Here are the numbers for the 2013 coastal salmon fishery as of July 4, 2013 updated.

ILWACO

June 22-23: 968 anglers caught 715 Chinook for 0.74 fish per rod, and 809 hatchery coho for 0.84 fish per rod and 1.57 total per rod average; and June 24-30: 2,364 anglers caught 683 Chinook (14.1 percent of Chinook quota of 9,900) for 0.29 fish per rod, and 2,607 hatchery coho (9.1 percent of the hatchery coho quota of 37,380) for 1.10 fish per rod and 1.39 total per rod average.

WESTPORT

June 23: 694 anglers caught 215 Chinook for 0.31 fish per rod, and 173 hatchery coho for 0.25 fish per rod and 0.56 total per rod average; and June 24-30: 899 anglers caught 274 Chinook (2.1 percent of Chinook quota of 23,500) for 0.30 fish per rod, and 202 hatchery coho (1.4 percent of the hatchery coho quota of 27,660) for 0.22 fish per rod and 0.53 total per rod average.

LA PUSH

June 29-30: 123 anglers caught 64 Chinook (3.9 percent of Chinook quota of 1,650) for 0.52 fish per rod, and 55 hatchery coho (2.9 percent of the hatchery coho quota of 1,890) for 0.45 fish per rod and 0.99 total per rod average.

NEAH BAY

June 29-30: 887 anglers caught 342 Chinook (7.0 percent of Chinook quota of 4,900) for 0.39 fish per rod, and 218 hatchery coho (2.8 percent of the hatchery coho quota of 7,780) for 0.25 fish per rod and 0.66 total per rod average.

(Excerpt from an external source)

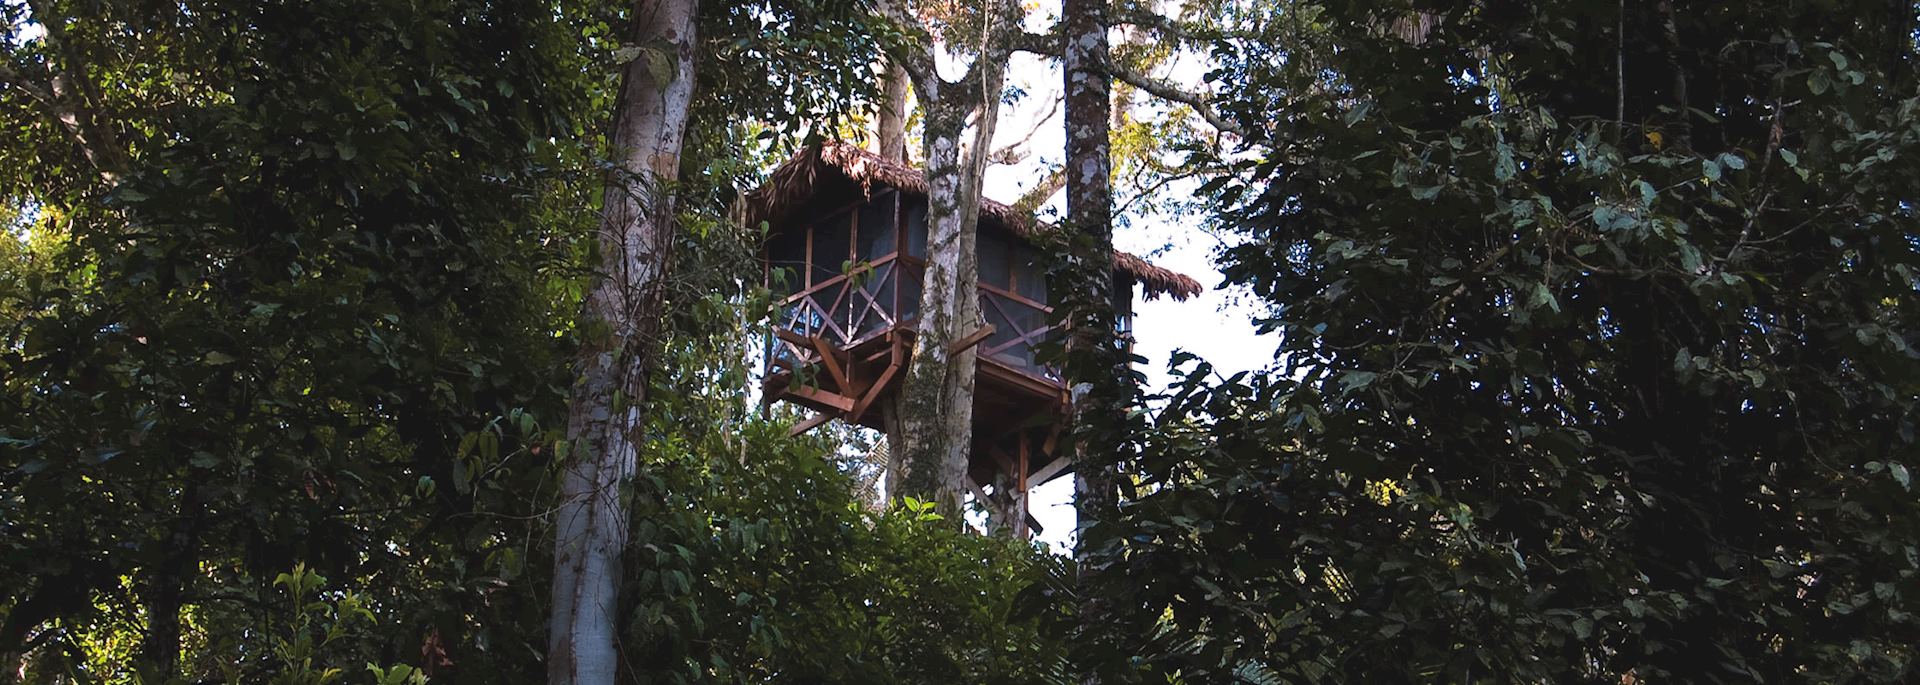 Canopy Tree house, Reserva Amazonica

COASTWIDE HATCHERY CHINOOK FISHERY

May 10-11: 629 anglers caught 72 hatchery chinook for 0.11 fish per rod average (0.9 percent of the total catch quota); May 17-18: 347 anglers caught 136 hatchery chinook for 0.18 fish per rod average (1.7 percent of the total catch quota); June 8-9: 762 anglers caught 208 chinook; June 10-16: 3,511 anglers caught 1,272 for 0.36 fish per rod average (20.2 percent of the total catch quota); June 17-23: 2,648 anglers caught 1,082 Chinook for 0.41 fish per rod average (33.7 percent of the total catch quota); June 24-28: 460 anglers caught 101 Chinook for 0.22 fish per rod average (35.0 percent of the total catch quota).

COASTWIDE ALL-SPECIES SALMON FISHERY

June 22-23: 1,662 anglers caught 929 Chinook (2.3 percent of Chinook quota of 40,000) for 0.56 fish per rod, and 982 hatchery coho (1.3 percent of the hatchery coho quota of 74,760) for 0.59 fish per rod and 1.15 total per rod average;

June 24-30: 4,273 anglers caught 1,363 Chinook (5.7 percent of Chinook quota of 40,000) for 0.32 fish per rod, and 3,082 hatchery coho (5.4 percent of the hatchery coho quota of 74,760) for 0.72 fish per rod and 1.05 total per rod average.